First, a quarter-wave transformer is an RF thing, and RF generally assumes that the bandwidth of the signal being dealt with fits nicely into the bandwidths of the receiver and the transmitter. If you're designing a system where the transmitted bandwidth is such a high percentage of the total bandwidth that a filter in the signal processing chain doesn't appear flat across the bandwidth of the signal, then you should subject that filter to enhanced scrutiny during the circuit design.

Second, the whole point of OFDM is that it avoids intersymbol interference by splitting the signal up into a whole bunch of narrow-band, long-duration signals.
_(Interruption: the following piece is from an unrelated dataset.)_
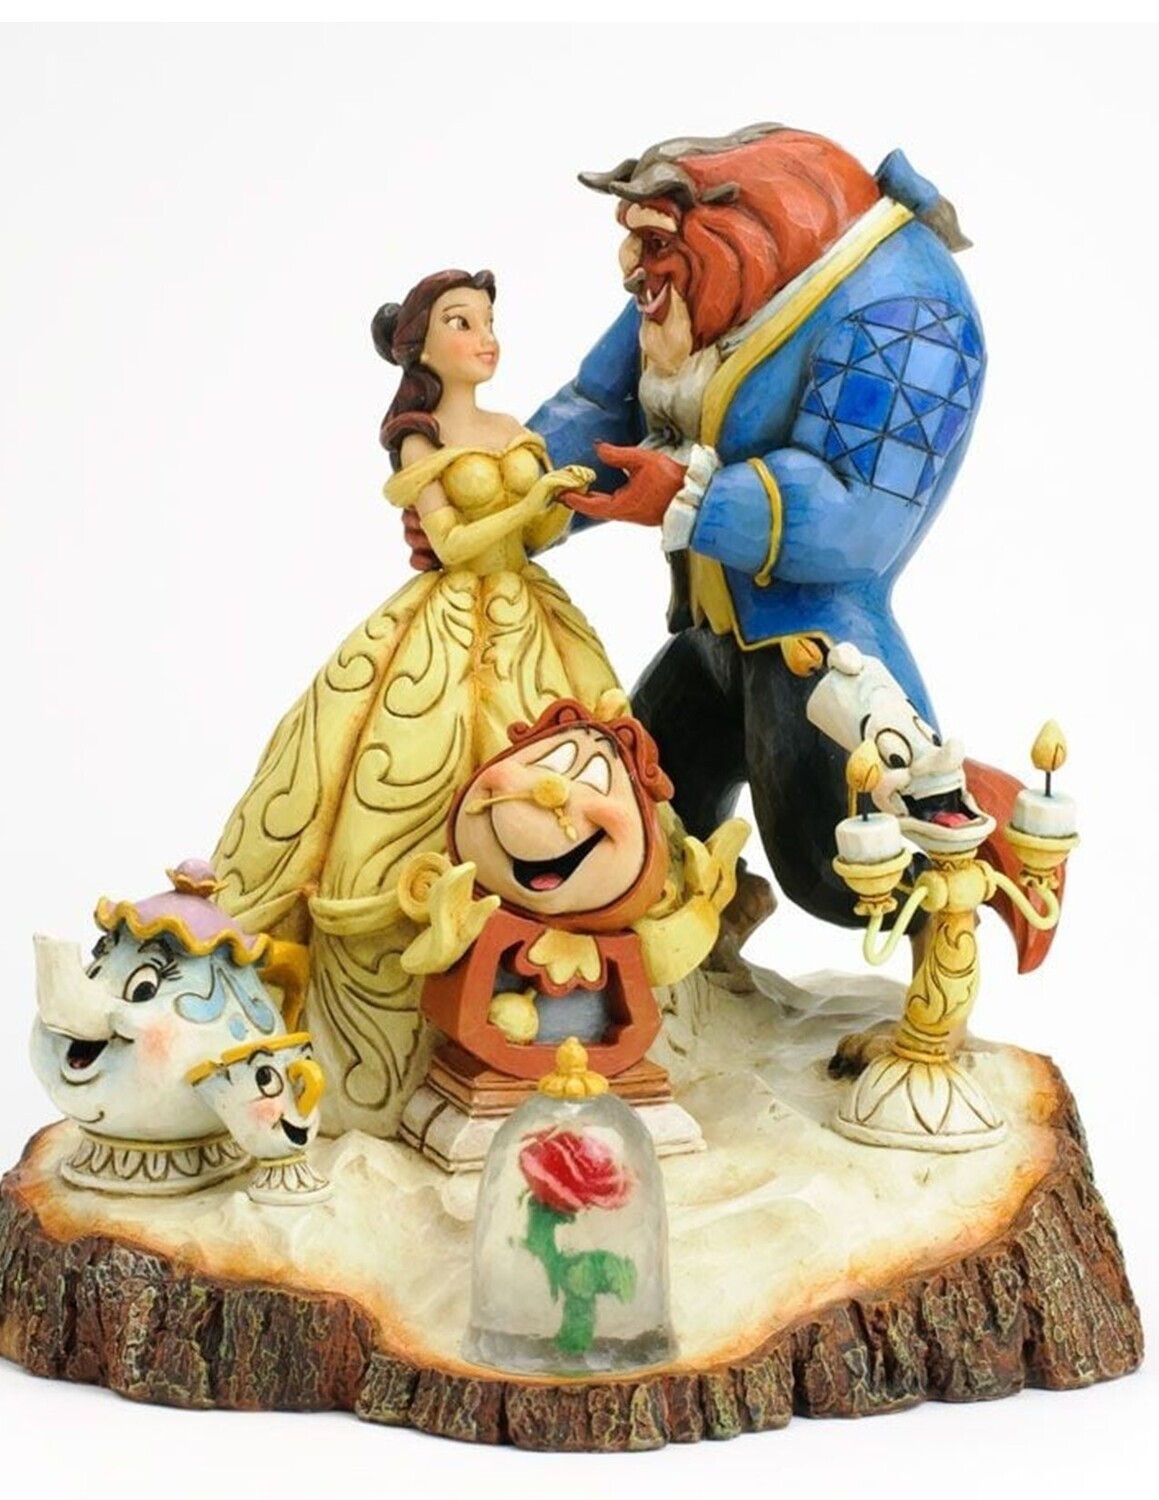 Jim Shore Disney Traditions "Beauty and The Beast - Tale as Old as Time" Figurine (4031487)
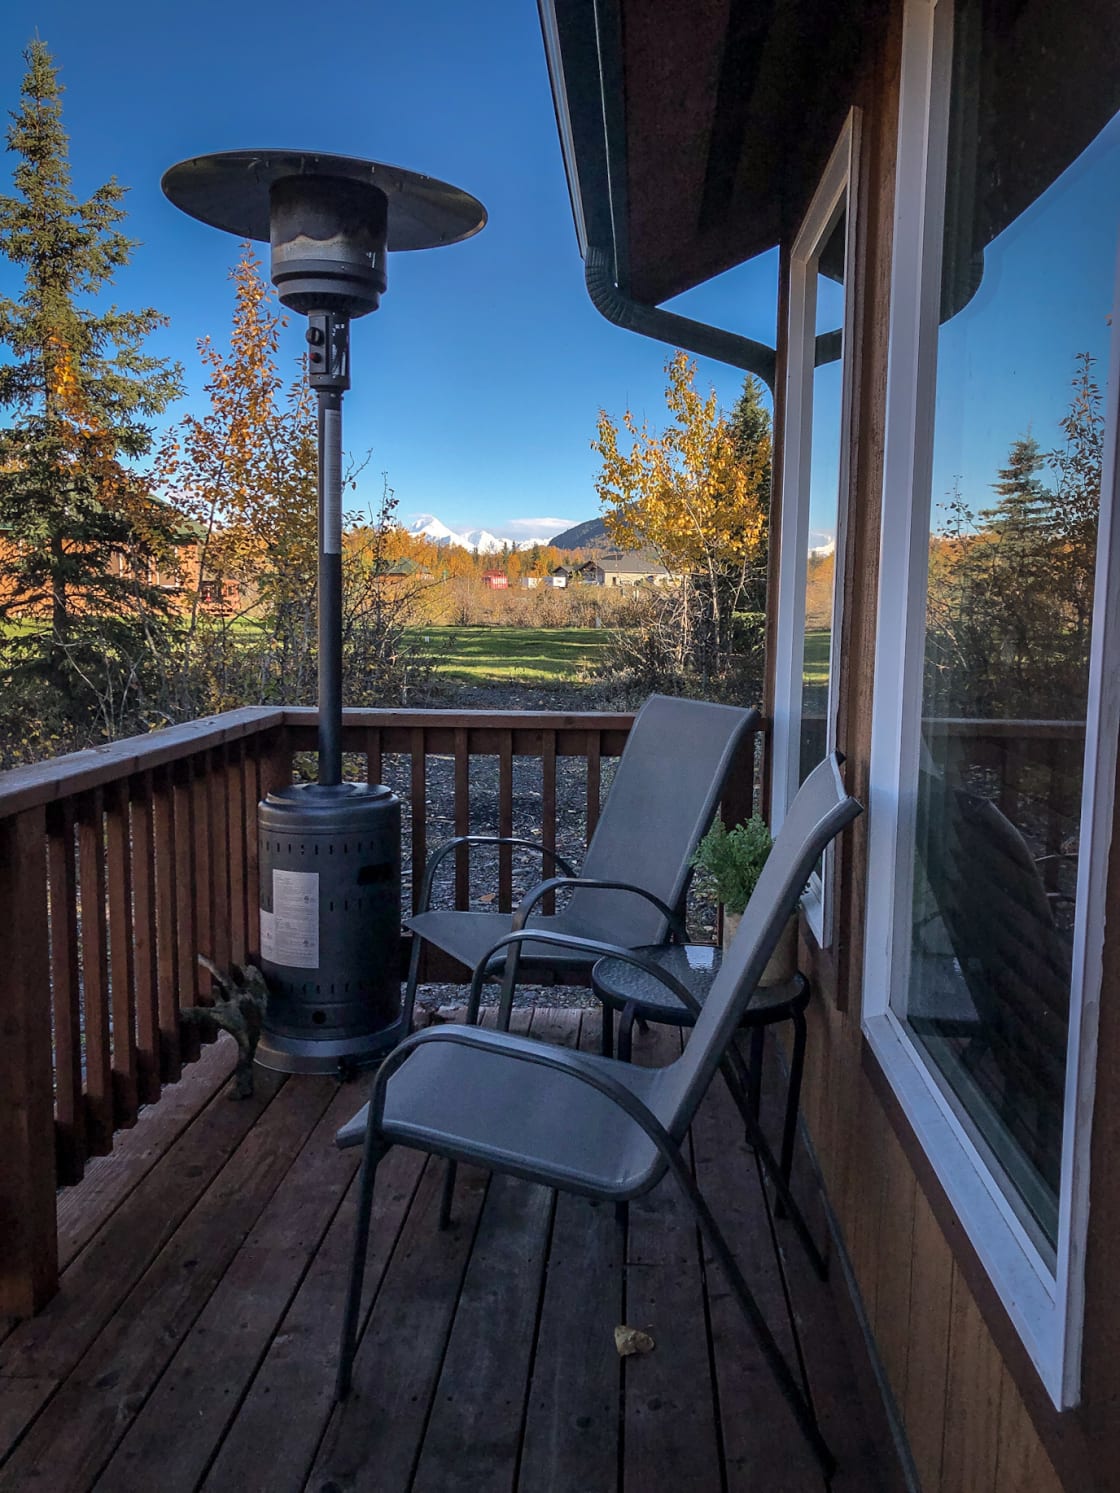 Enjoy sitting on the deck taking in the surrounding mountains while staying warm under the heater.

When you do have some filtering in the signal chain (whether it's in the transmitter, receiver, or the transmission medium), OFDM increases the chances that an individual signal will "see" a spectrally "flat" channel, at the cost of the possibility that each individual signal's amplitude and phase may be different from others in the constellation.

This is an advantage when you have a channel that you cannot control but that contains multiple path. In the time domain, multipath can cause fairly long-period intersymbol interference that is difficult to equalize. In the frequency domain, multipath causes phase changes and nulls -- both of which can be handled by OFDM, if it's wrapped with the right error correction.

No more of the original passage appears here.